WHAT IS REQUIRED: Starting with the line that contains "insects of europe", copy every line through the end of the listing, exactly and only those. No pictures should appear in the copy.

AVAILABLE DATA:
⁂
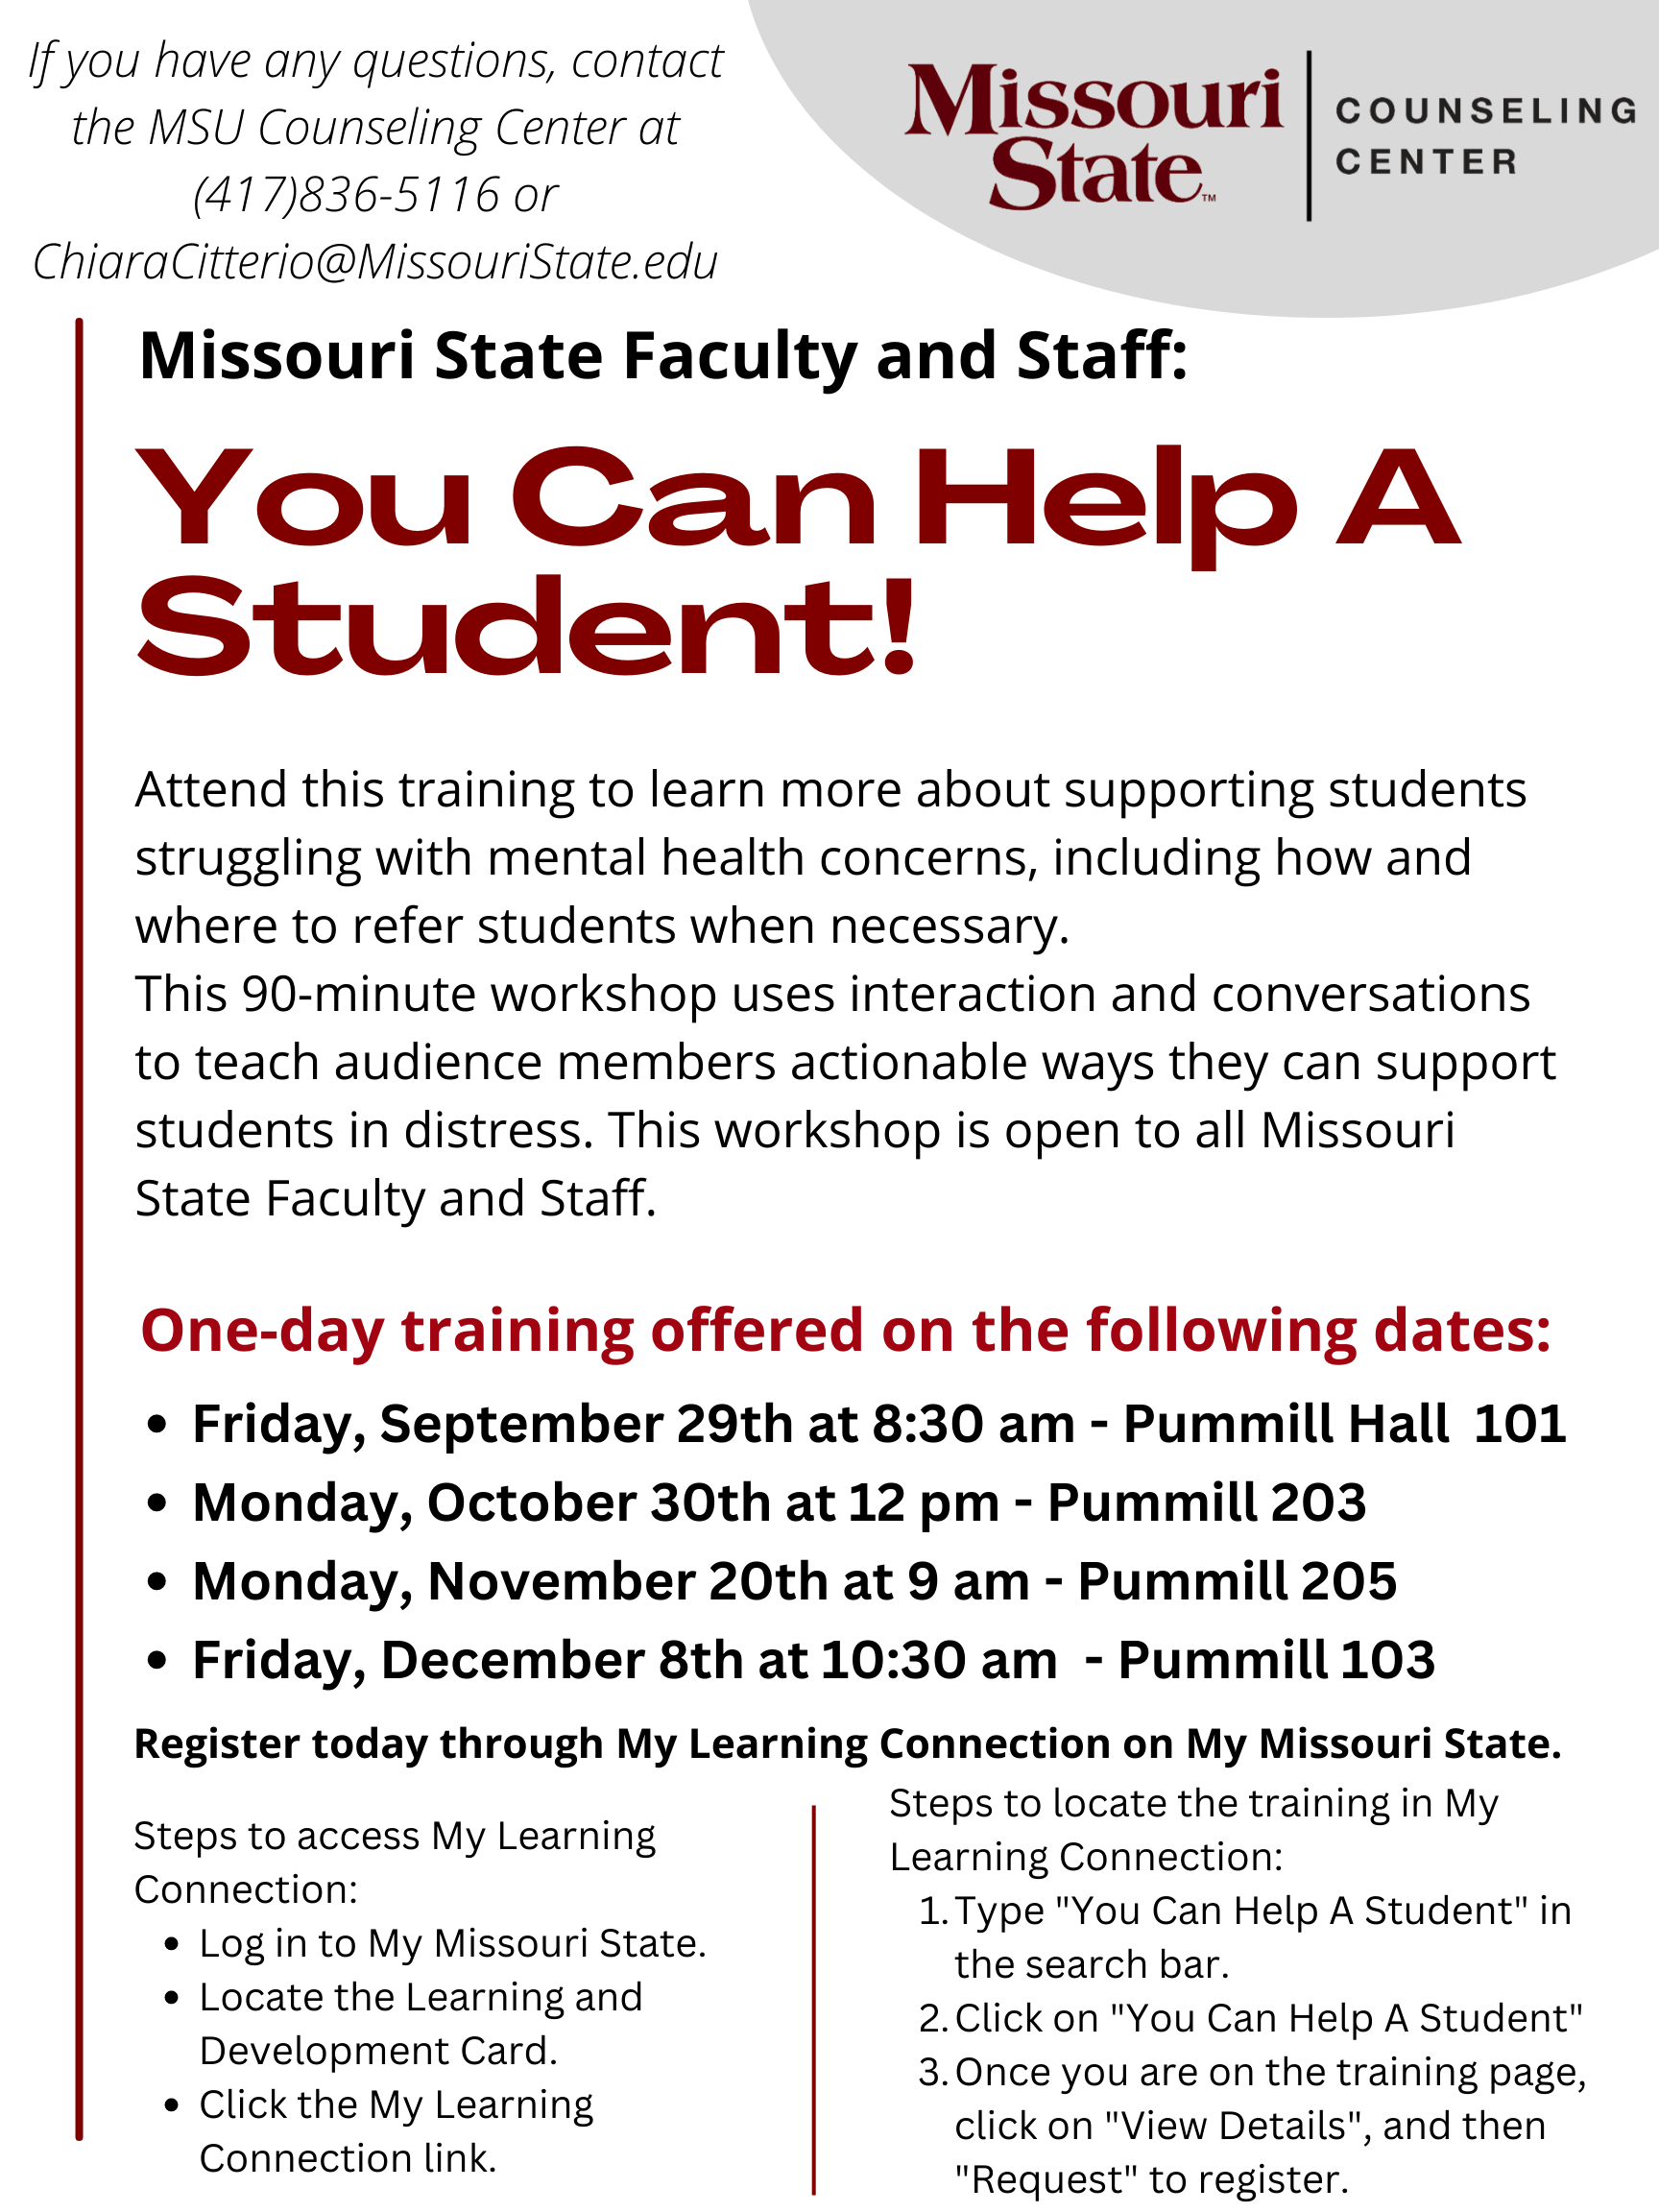 You Can Help A Student training flyer
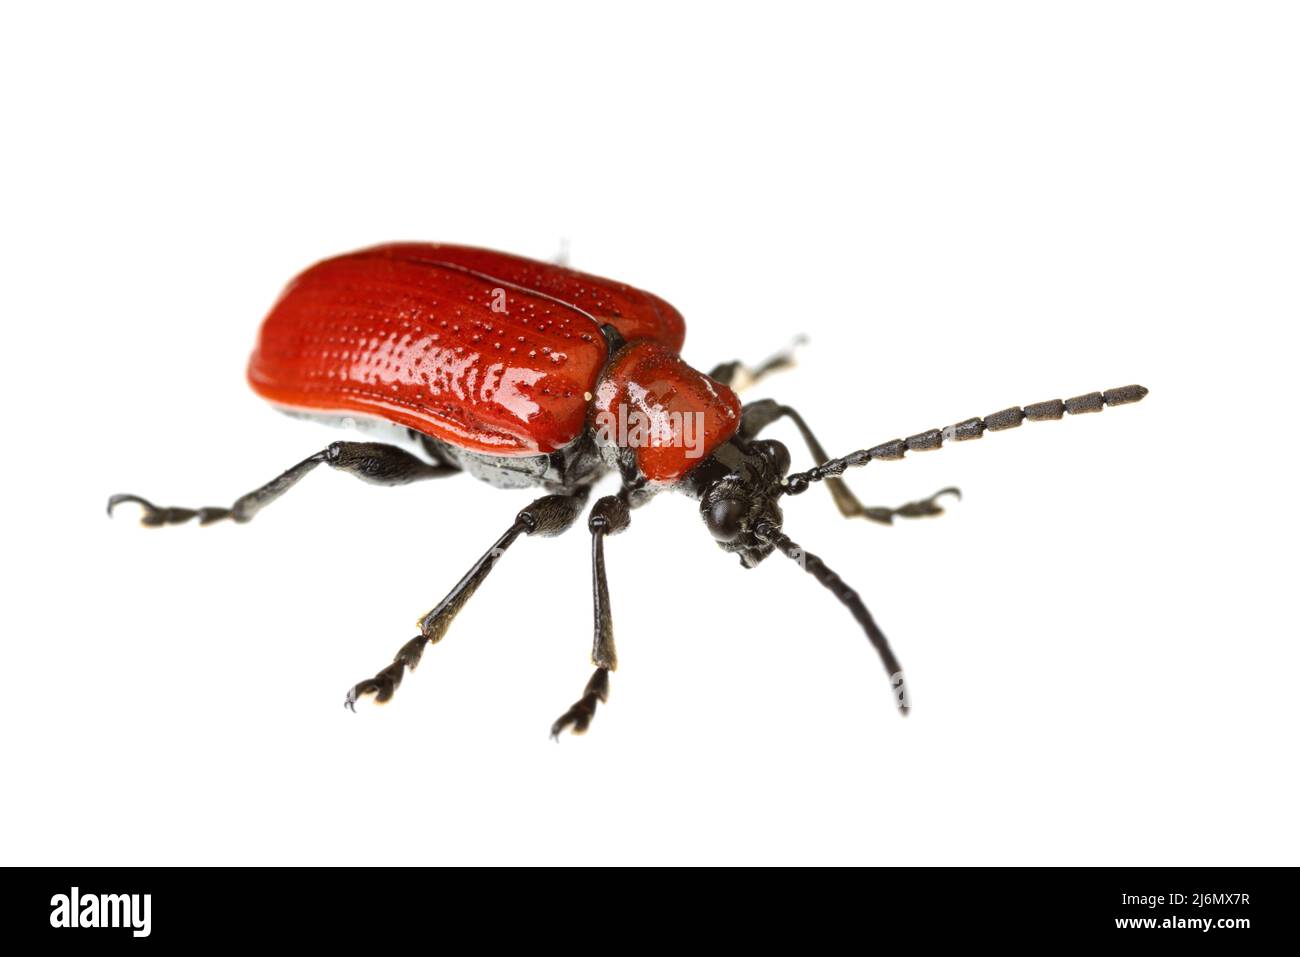 insects of europe - beetles: top view of scarlet lily beetle ( Lilioceris lili ) german Lilienhaehnchen) isolated on white background Stock Photo
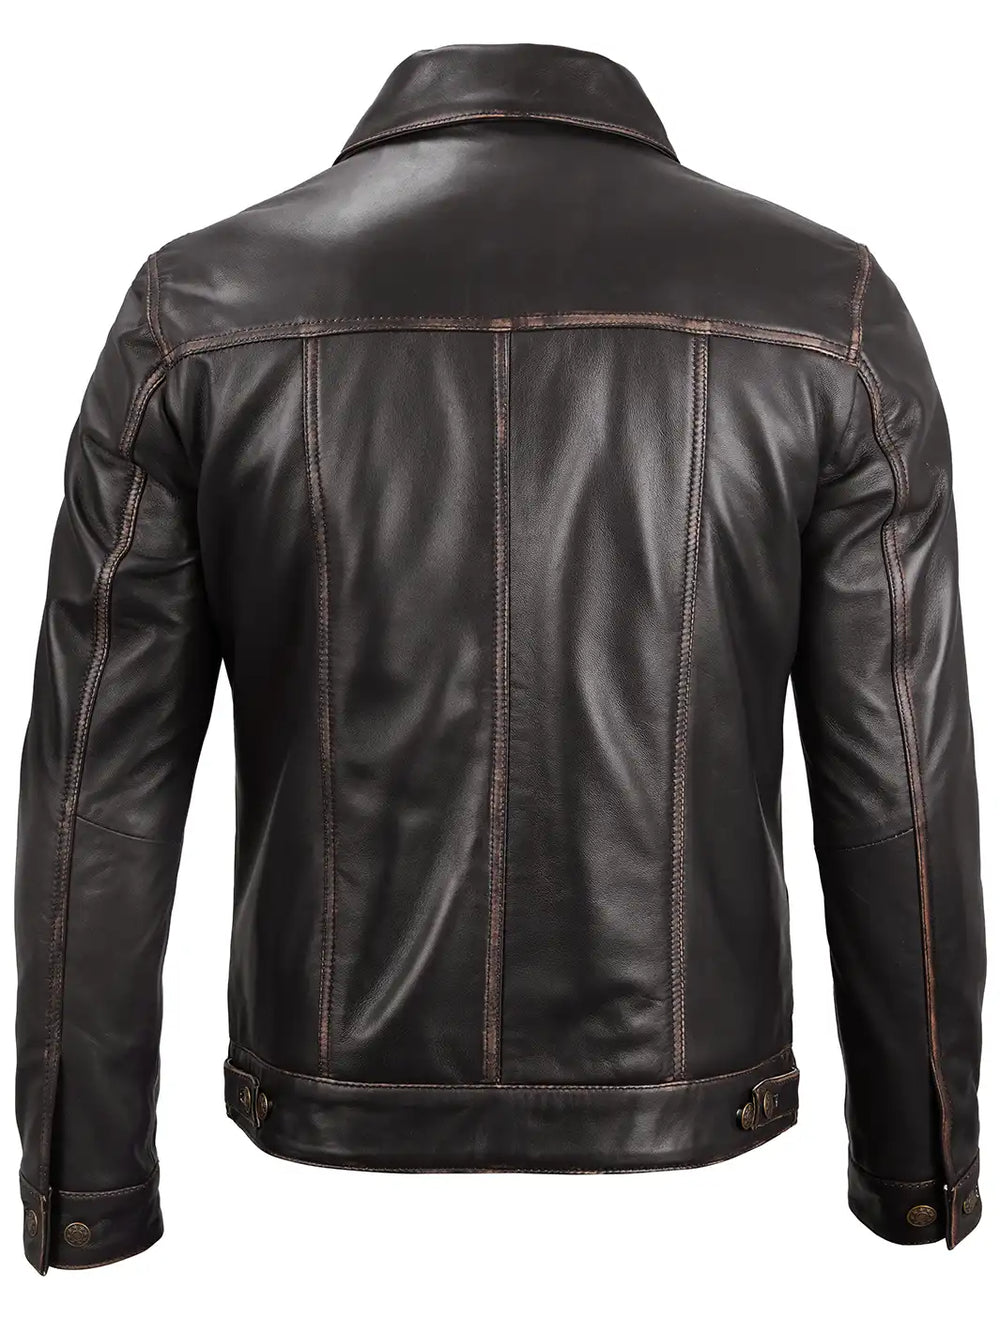 Mens real leather trucker jacket
⁂
RESPONSE BELOW:
 insects of europe - beetles: top view of scarlet lily beetle ( Lilioceris lili ) german Lilienhaehnchen) isolated on white background Stock Photo
 Mens real leather trucker jacket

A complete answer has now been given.